Presumably, this QCD ‘anti-abuse’ provision is meant to prevent individuals from deducting Traditional IRA contributions (above-the-line deductions that reduce a taxpayer’s AGI) and then donating those contributions on a pre-tax basis (as a QCD), particularly in scenarios where they otherwise were not itemizing deductions and could not have otherwise made a pre-tax charitable contribution.
Despite this new provision, though, financial advisors can use numerous strategies to help clients benefit from QCDs. For example, Traditional IRA contributions can be voluntarily removed if done by October 15th of the year following the year in which the contribution was made. Thus, an account holder who makes a contribution, who then decides they would instead prefer to make a QCD, can withdraw the contribution within the allowable timeframe, preventing any reduction to their QCD. Alternatively, married spouses who each have their own IRA account can choose to use one account to receive post-70 1/2 deductible contributions and the other to make QCDs. A third option would be for account holders to simply ‘burn’ through their post-70 1/2 contributions by making charitable donations from their IRAs that ‘use up’ QCD-disqualifying contributions as quickly as possible. While this means that taxable income will be reported for those account distributions, charitable gifts may be reported as itemized deductions, with future QCDs to be unaffected by these contribution amounts.
Some additional strategies available to advisors and their clients work to avoid the anti-abuse rule altogether. These include using other tax-efficient means to make charitable contributions (such as donating highly appreciated stock in a taxable account, which avoids potential capital gains taxes from selling the stock outright and, for those who itemize, allowing the contribution to be itemized as a charitable donation), contributing to employer-sponsored retirement plans (e.g., 401(k)s, and even SEP IRAs and SIMPLE IRAs) or Roth IRAs instead of Traditional IRAs (since contributions to Traditional IRAs only result in QCDs being denied), and choosing not to claim the deduction on Traditional IRA contributions (even if otherwise available) and deliberately making non-deductible contributions instead (to at least preserve the non-taxable treatment of those contributions for the future).
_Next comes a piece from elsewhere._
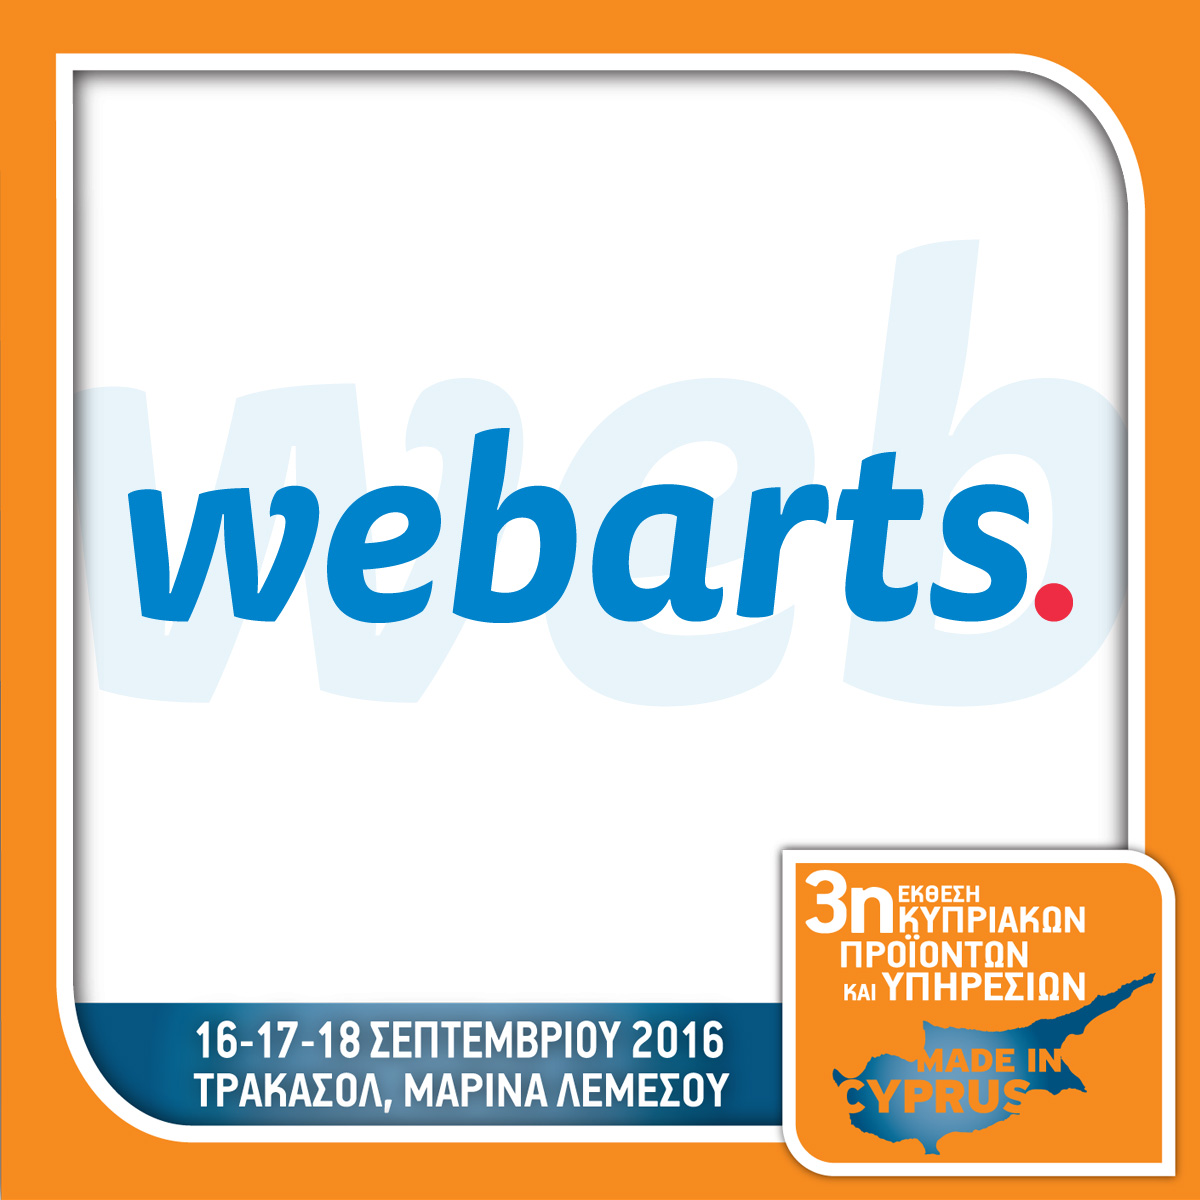 Webarts - Booth No 3
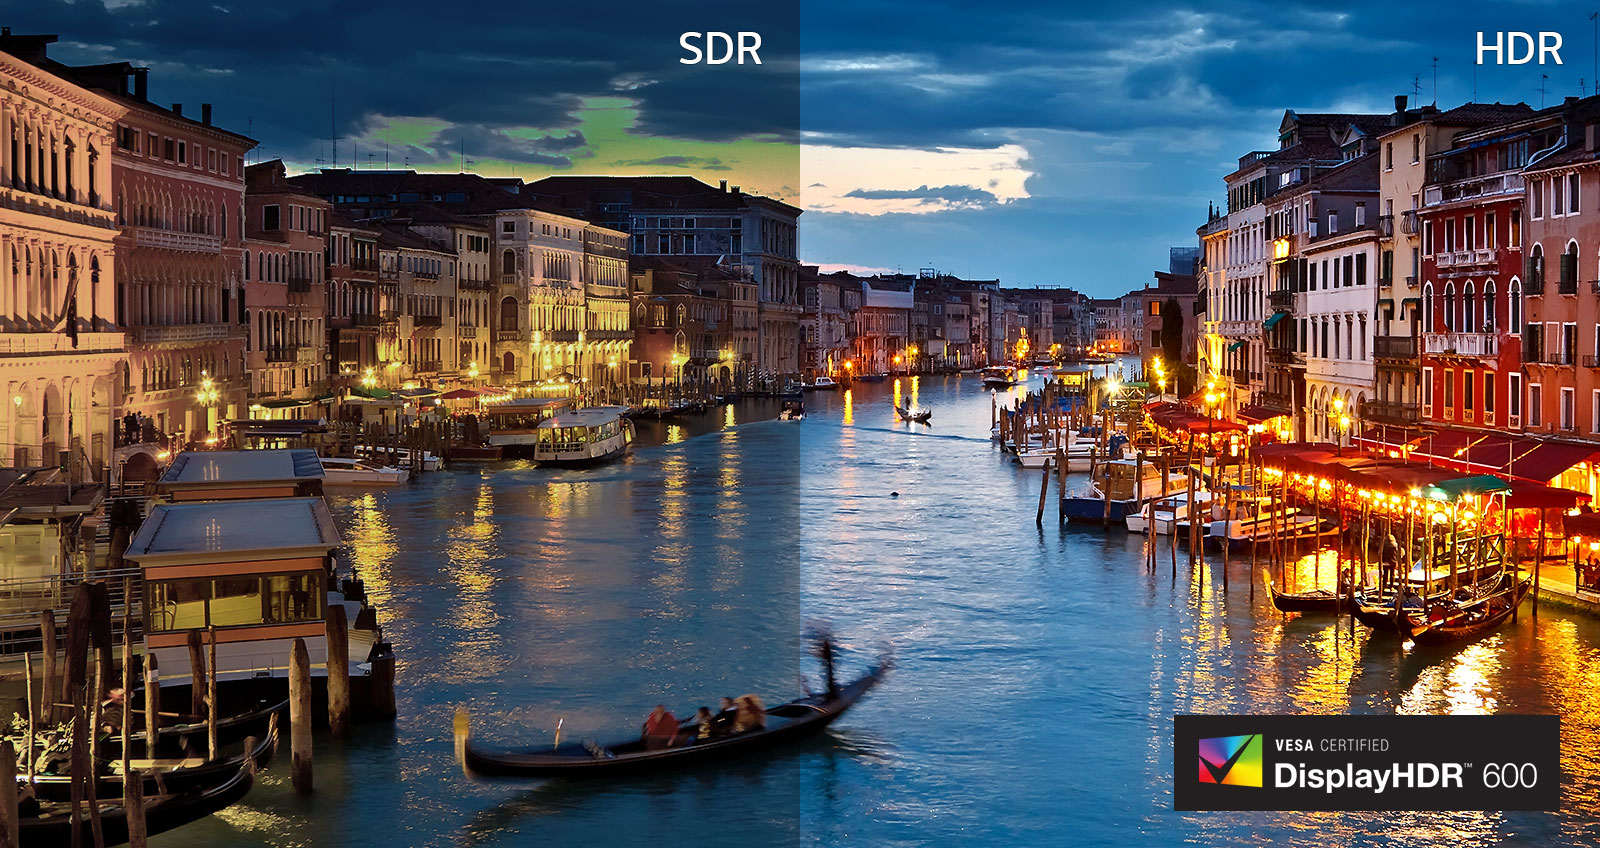 Hình ảnh SDR so với HDR (Hình ảnh LOGO) CÓ CHỨNG NHẬN VESA CERTIFIED  I  DisplayHDR™ 600

Ultimately, the key point is that the SECURE Act’s repeal of the age limit cap on Traditional IRA contributions has complicated the coordination of post-70 ½ contributions and QCDs with its introduction of the anti-abuse provision, which reduces allowable future QCDs by the amount of post-70 ½ IRA contributions. However, financial advisors can help their clients continue to make QCDs successfully with a range of planning strategies, some of which work with the anti-abuse provision, and some that avoid it altogether.